Les portraits audio : #9 Alain Bauer, trouver sa place dans une discipline controversée
Seul professeur de criminologie en France, Alain Bauer revient sur son parcours et sur la manière dont il a trouvé sa place au Cnam, malgré une levée de boucliers mettant en cause la légitimité de sa discipline et de son expertise. Figure régulièrement au centre de polémiques et récemment condamné pour recel de favoritisme, il s’exprime, à l’approche de la retraite, dans le dernier épisode du podcast Les Rencontres de l’ESR animé par Emmanuel Caillaud.

Universitaire inclassable et curieux de tout, Emmanuel Caillaud est enseignant-chercheur, spécialiste des questions industrielles au Cnam, et auteur d’un Petit guide de survie de l’enseignant-chercheur (Spartacus, 2023). Ancien blogueur sur les thématiques d’enseignement supérieur, il s’essaie au rôle de journaliste pour Campus Matin et rencontre les forces vives de l’ESR.
Dans ce huitième épisode de podcast, il s’entretient avec Alain Bauer, professeur en criminologie au Cnam et notamment ancien consultant pour Nicolas Sarkozy, lorsqu’il était président de la République, puis de Manuel Valls, lorsqu’il était ministre de l’intérieur.

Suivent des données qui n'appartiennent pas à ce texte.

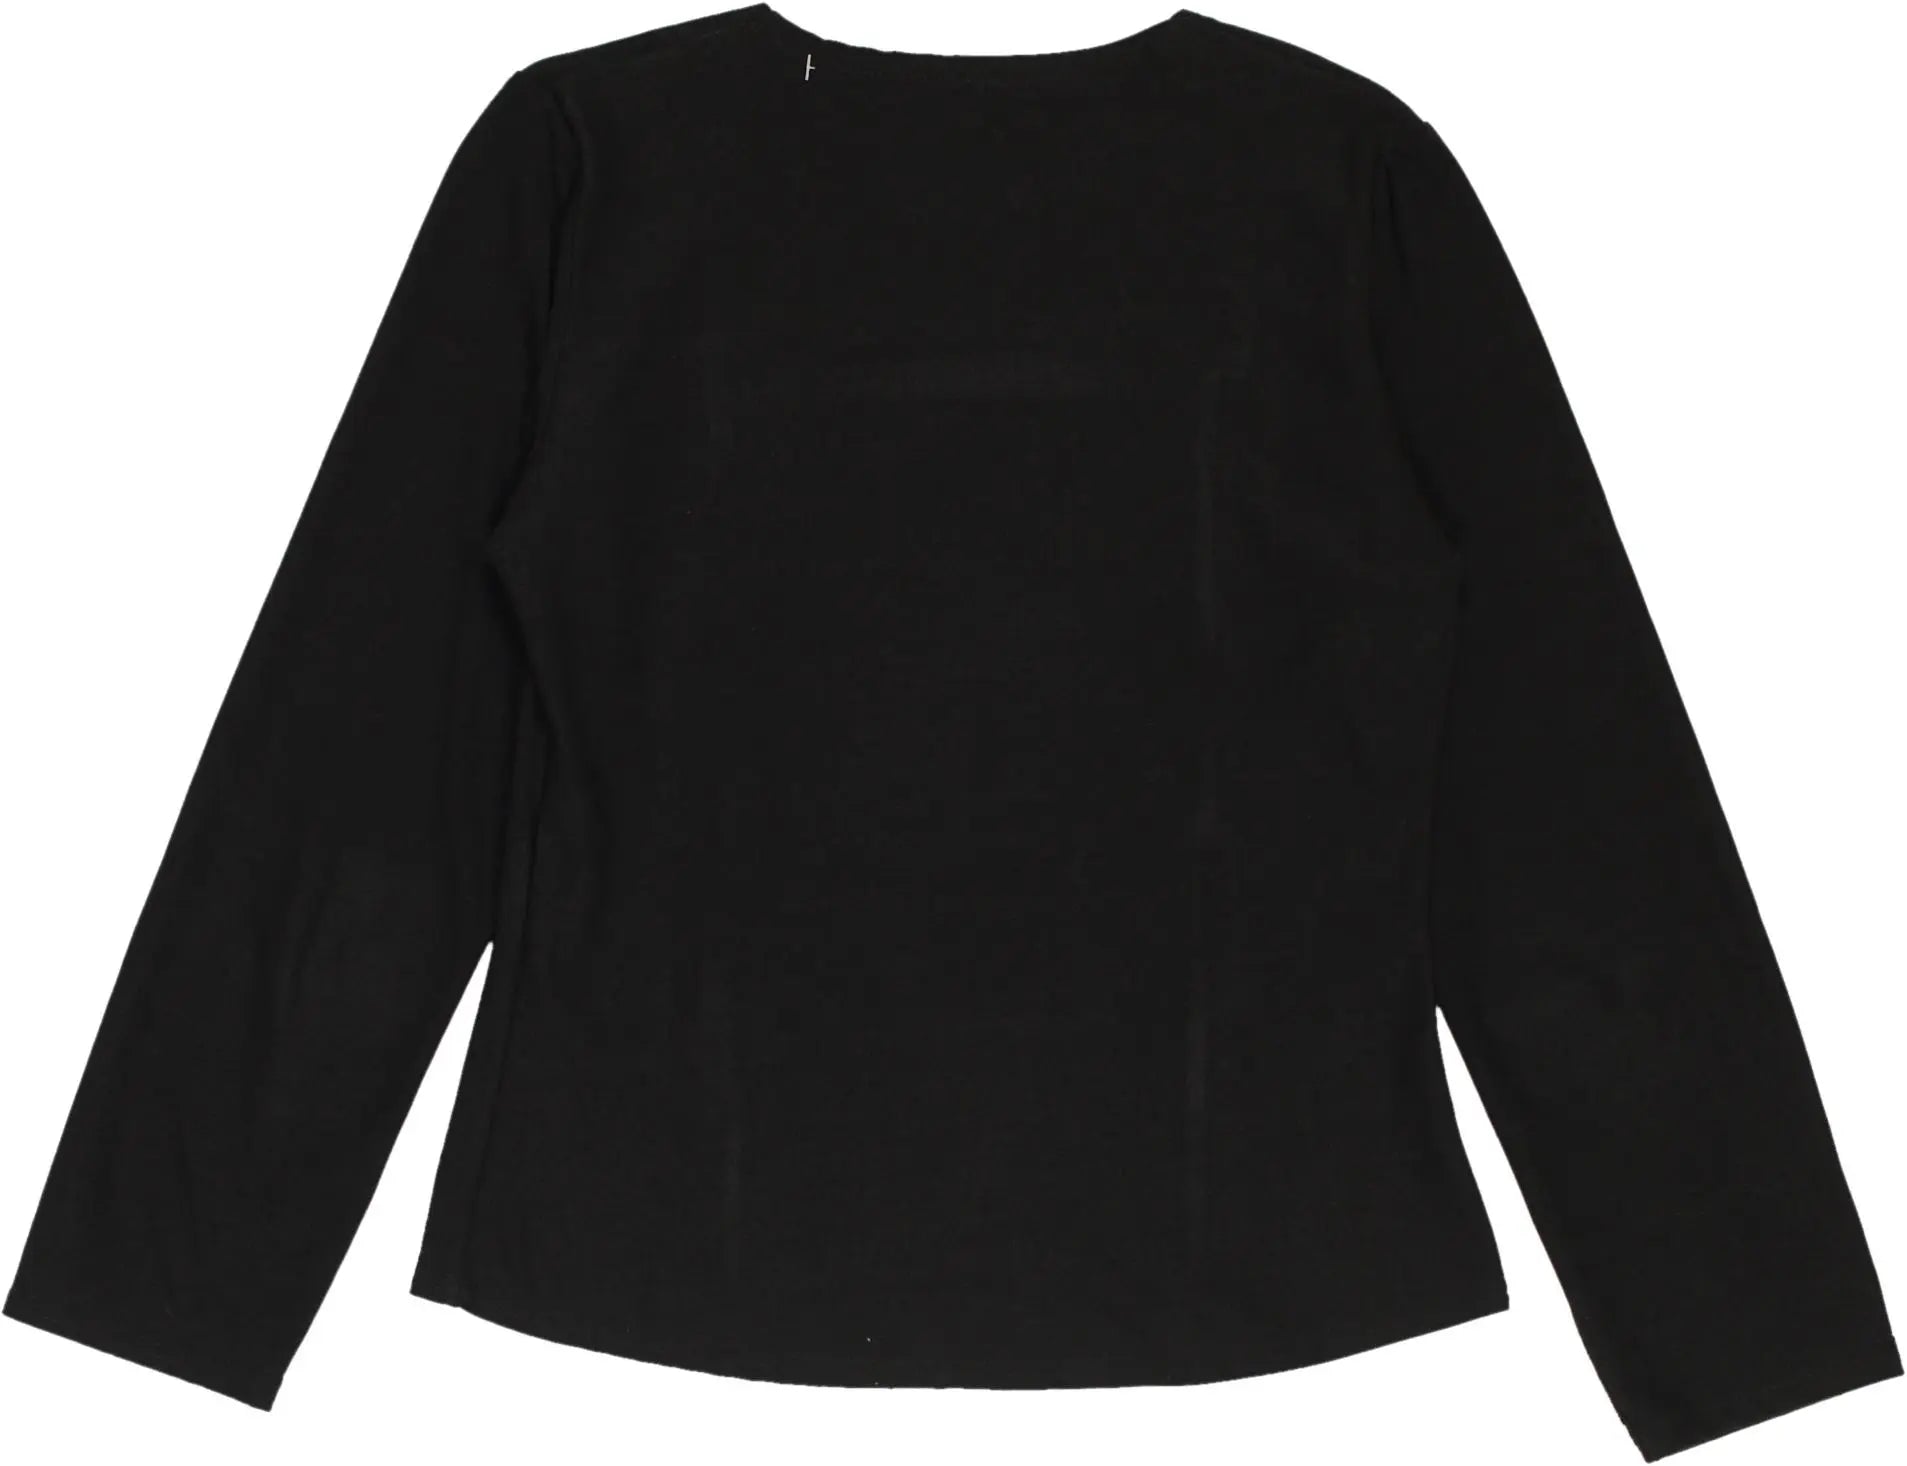 Unknown - Black long sleeve top- ThriftTale.com - Vintage and second handclothing
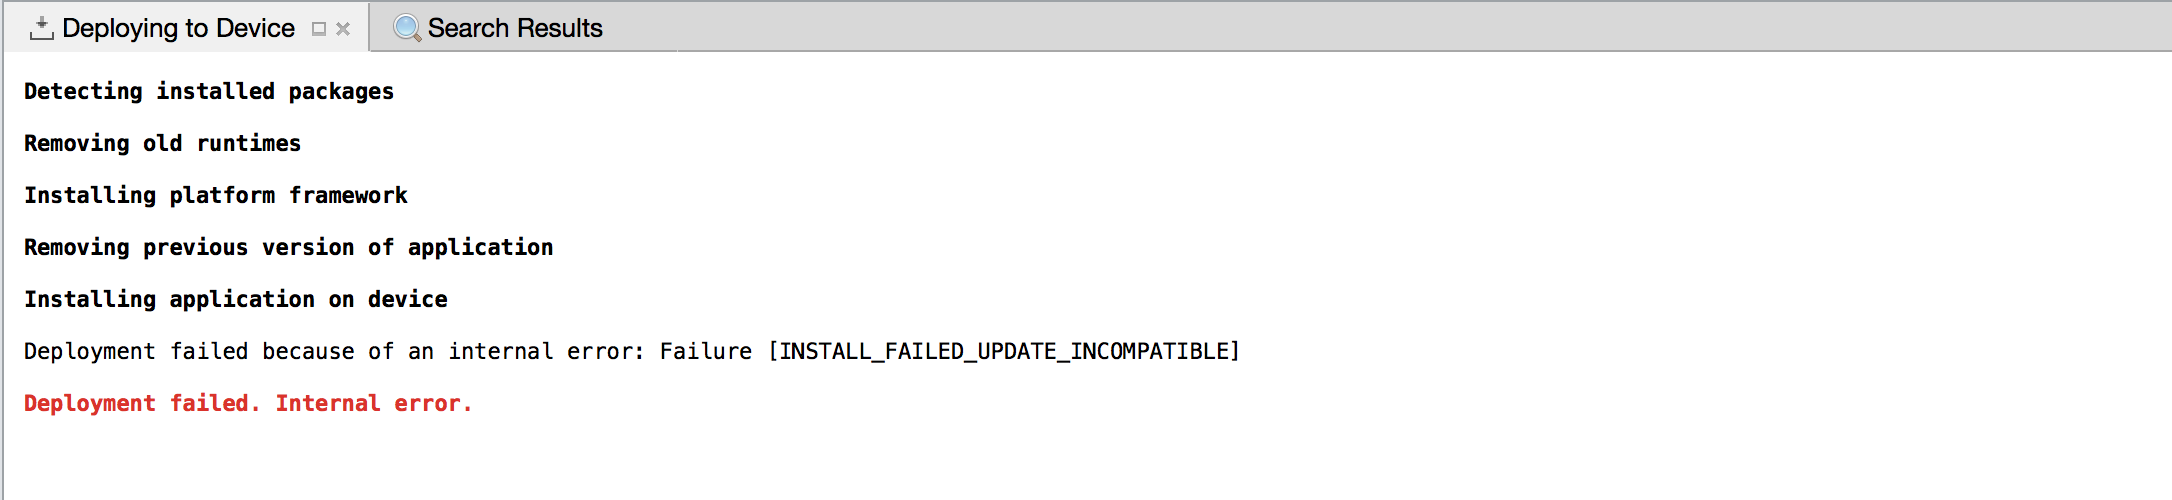 INSTALL_FAILED_UPDATE_INCOMPATIBLE

De Rocard à la guerre du Golfe : un parcours entre politique et sécurité
« J’ai d’abord été un militant engagé auprès de Michel Rocard. De militant d’opposition, je suis devenu assistant, une petite main, un conseiller dans son parcours au ministère d’État chargé du plan », introduit Alain Bauer. Quand Michel Rocard est nommé à Matignon, il s’occupe notamment de « la crise de Nouvelle-Calédonie, de l’attentat [contre un avion] DC10 de [la compagnie] UTA, de la chute du mur de Berlin, [des manifestations de la place de] Tian’anmen en Chine et de la guerre du Golfe ».
Après une mission à New York, il est enseignant à Sciences Po, à l’Université Paris-Panthéon-Assas, à l’École des officiers de la gendarmerie, il revendique d’un « parcours mixte », fait de « rencontres avec des étudiants et des professionnels ». Il revendique aussi un positionnement pédagogique singulier : « On n’est pas dans une situation de supériorité, mais dans une situation de partage. J’ai beaucoup plus appris des policiers, gendarmes, militaires… que j’ai rencontrés que l’inverse. »
Alain Bauer a par ailleurs été grand maître du Grand Orient de France, la plus grande obédience maçonnique de l’Hexagone, de 2000 à 2003.
Parcours académique et ouvrages
Alain Bauer retrace son parcours académique à la tête d’une chaire de criminologie au Cnam.

Son arrivée en 2009 n’avait pas été sans créer de remous : deux pétitions contre cette chaire et son directeur ont été portées par des universitaires. L’une d’elles, parue dans Le Monde et signée par des juristes et sociologues, pointait des erreurs méthodologiques dans ses travaux et dénonçait une nomination plus politique que scientifique. Cela n’a pas empêché Alain Bauer d’être élu par ses pairs pour obtenir le poste.
Au-delà de l’enseignement, Alain Bauer multiplie les projets. Il évoque l’émission Au bout de l’enquête sur France 2, qu’il co-anime et pour laquelle il prépare des ouvrages. Il travaille aussi à un ouvrage sur le conspirationnisme et a publié une série d’essais sur la géopolitique (Déclinocène, La conquête de l’Ouest, etc.). Il prépare en outre les prochaines Assises de la recherche stratégique, organisées au Cnam tous les ans depuis 2021.
Polémiques
Personnalité controversée, Alain Bauer a été au cœur d’affaires et de polémiques. En février dernier, sa venue sur le campus de l’Université Grenoble Alpes a fait l’objet d’une pétition lui reprochant un manque de rigueur académique.
En mars 2025, il a été condamné à douze mois de prison avec sursis, une amende de 375 000 euros, et une exclusion des marchés publics pendant trois ans pour recel de favoritisme dans l’attribution de contrats par la Caisse des dépôts à ses sociétés de conseil, AB Conseil et AB Associates. Ces contrats comprenaient notamment des prestations jugées opaques et des guides gastronomiques à la valeur contestée.